LUCK IS NOT A STRATEGY…. “Life offers no guarantees. But it does offer strategies for managing the odds, indeed, even managing luck. The essence of “managing luck” involves four things: (1) cultivating the ability to zoom out to recognize luck when it happens, (2) developing the wisdom to see when, and when not, to let luck disrupt your plans, (3) being sufficiently well-prepared to endure an inevitable spate of bad luck, and (4) creating a positive return on luck—both good luck and bad—when it comes. Luck is not a strategy, but getting a positive return on luck is.”

“The best leaders we’ve studied maintain a paradoxical relationship to luck. On the one hand, they credit good luck in retrospect for having played a role in their achievements, despite the undeniable fact that others were just as lucky. On the other hand, they don’t blame bad luck for failures, and they hold only themselves responsible if they fail to turn their luck into great results. 10Xers grasp that if they blame bad luck for failure, they capitulate to fate. Equally, they grasp that if they fail to perceive when good luck helped, they might overestimate their own skill and leave themselves exposed when good luck runs dry. There might be more good luck down the road, but 10Xers never count on it.”

EPILOGUE GREAT BY CHOICE

Disease…. “We sense a dangerous disease infecting our modern culture and eroding hope: an increasingly prevalent view that greatness owes more to circumstance, even luck, than to action and discipline—that what happens to us matters more than what we do.”

Responsibility…. “Do we want to build a society and culture that encourage us to believe that we aren’t responsible for our choices and accountable for our performance? Our research evidence stands firmly against this view.”

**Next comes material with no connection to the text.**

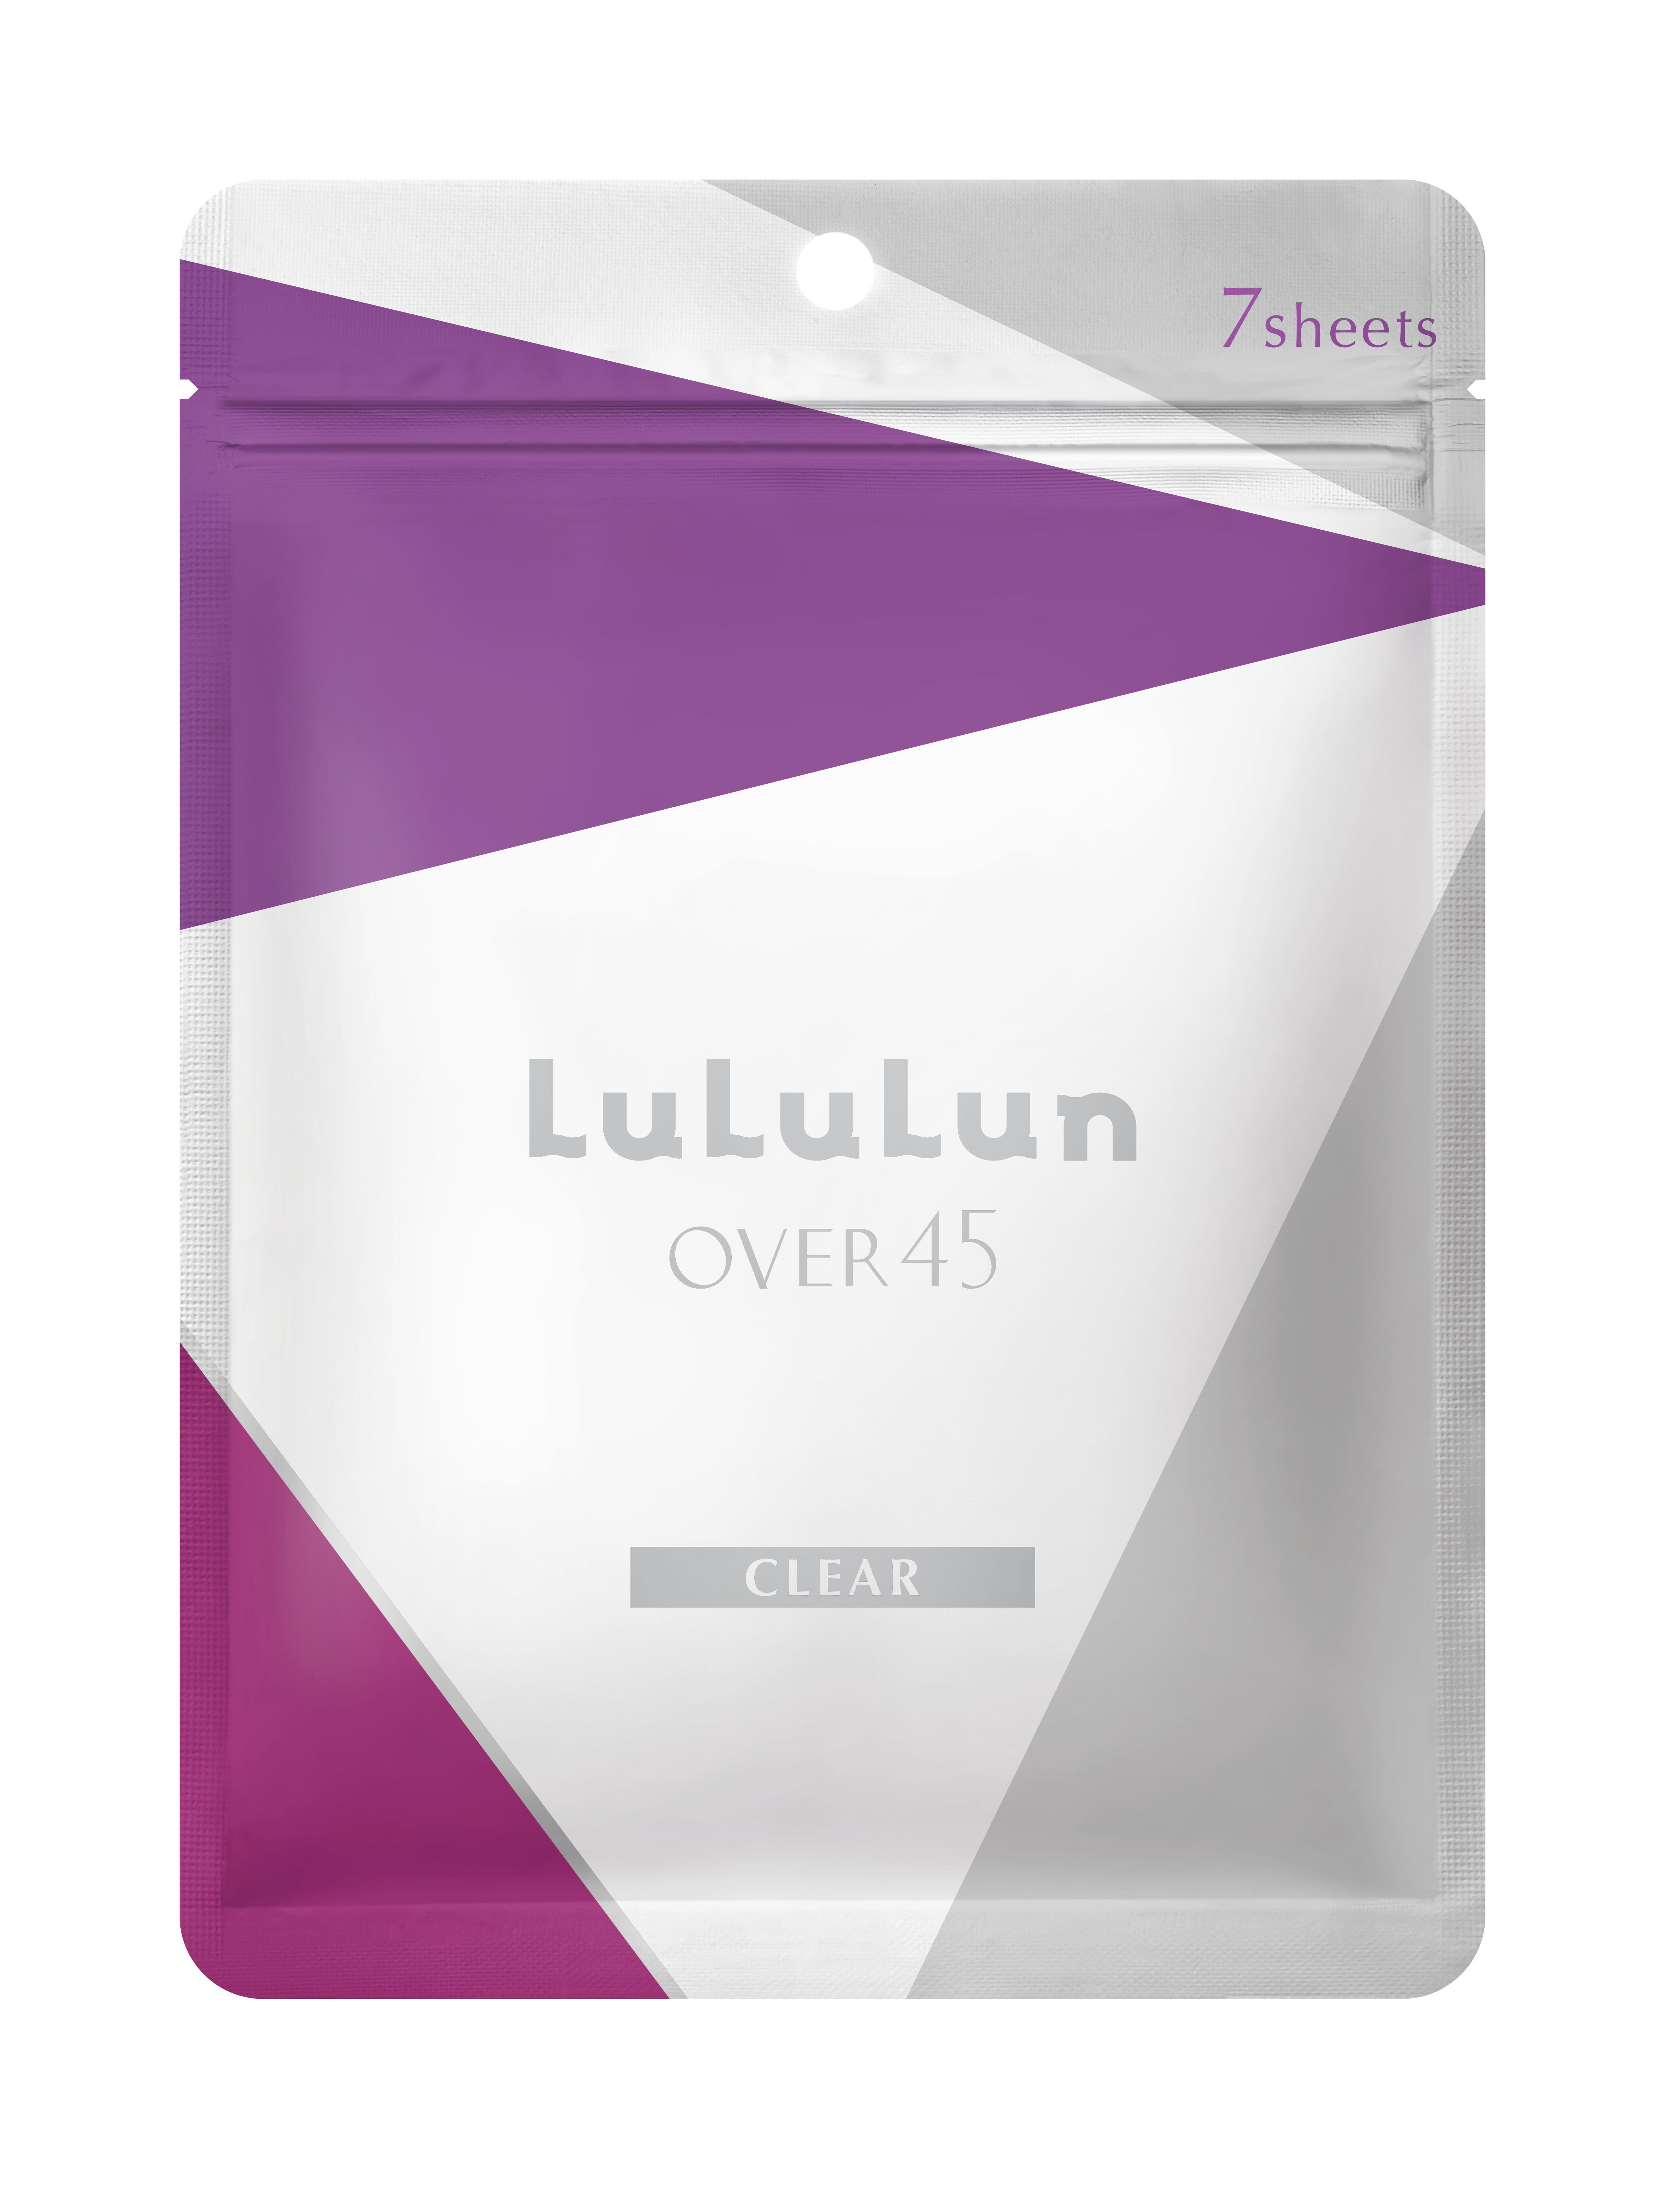 zhiduo набор тканевых масок для лица 5 штук антивозрастная осветляющая антисептическая Маска для лица Lululun Over 45, 7 шт/1 упаковка

People….“The factors that determine whether or not a company becomes truly great, even in a chaotic and uncertain world, lie largely within the hands of its people.”

Moment of truth…. “When the moment comes—when we’re afraid, exhausted, or tempted—what choice do we make? Do we abandon our values? Do we give in? Do we accept average performance because that’s what most everyone else accepts?”

Deep within…. “The greatest leaders we’ve studied throughout all our research cared as much about values as victory, as much about purpose as profit, as much about being useful as being successful. Their drive and standards are ultimately internal, rising from somewhere deep inside.

How should we change according to the book?

Start the 20 Mile March:

1. Clear performance markers (tavoitteet).

2. Self-imposed constraints.

3. Appropriate to the specific enterprise.

4. Largely within the company’s control to achieve (saavutettavissa).

5. A proper timeframe—long enough to manage, yet short enough to have teeth (aikaikkuna).

6. Imposed by the company upon itself.

7. Achieved with high consistency (osumatarkkuus).

What should I personally do?

“Companies, leaders, organizations, and societies do not thrive on chaos. But they can thrive in chaos.”

Summary

The book in six words – ”When the going gets weird, the weird become CEO.” (Hunter S. Thompson quote with a slight twist)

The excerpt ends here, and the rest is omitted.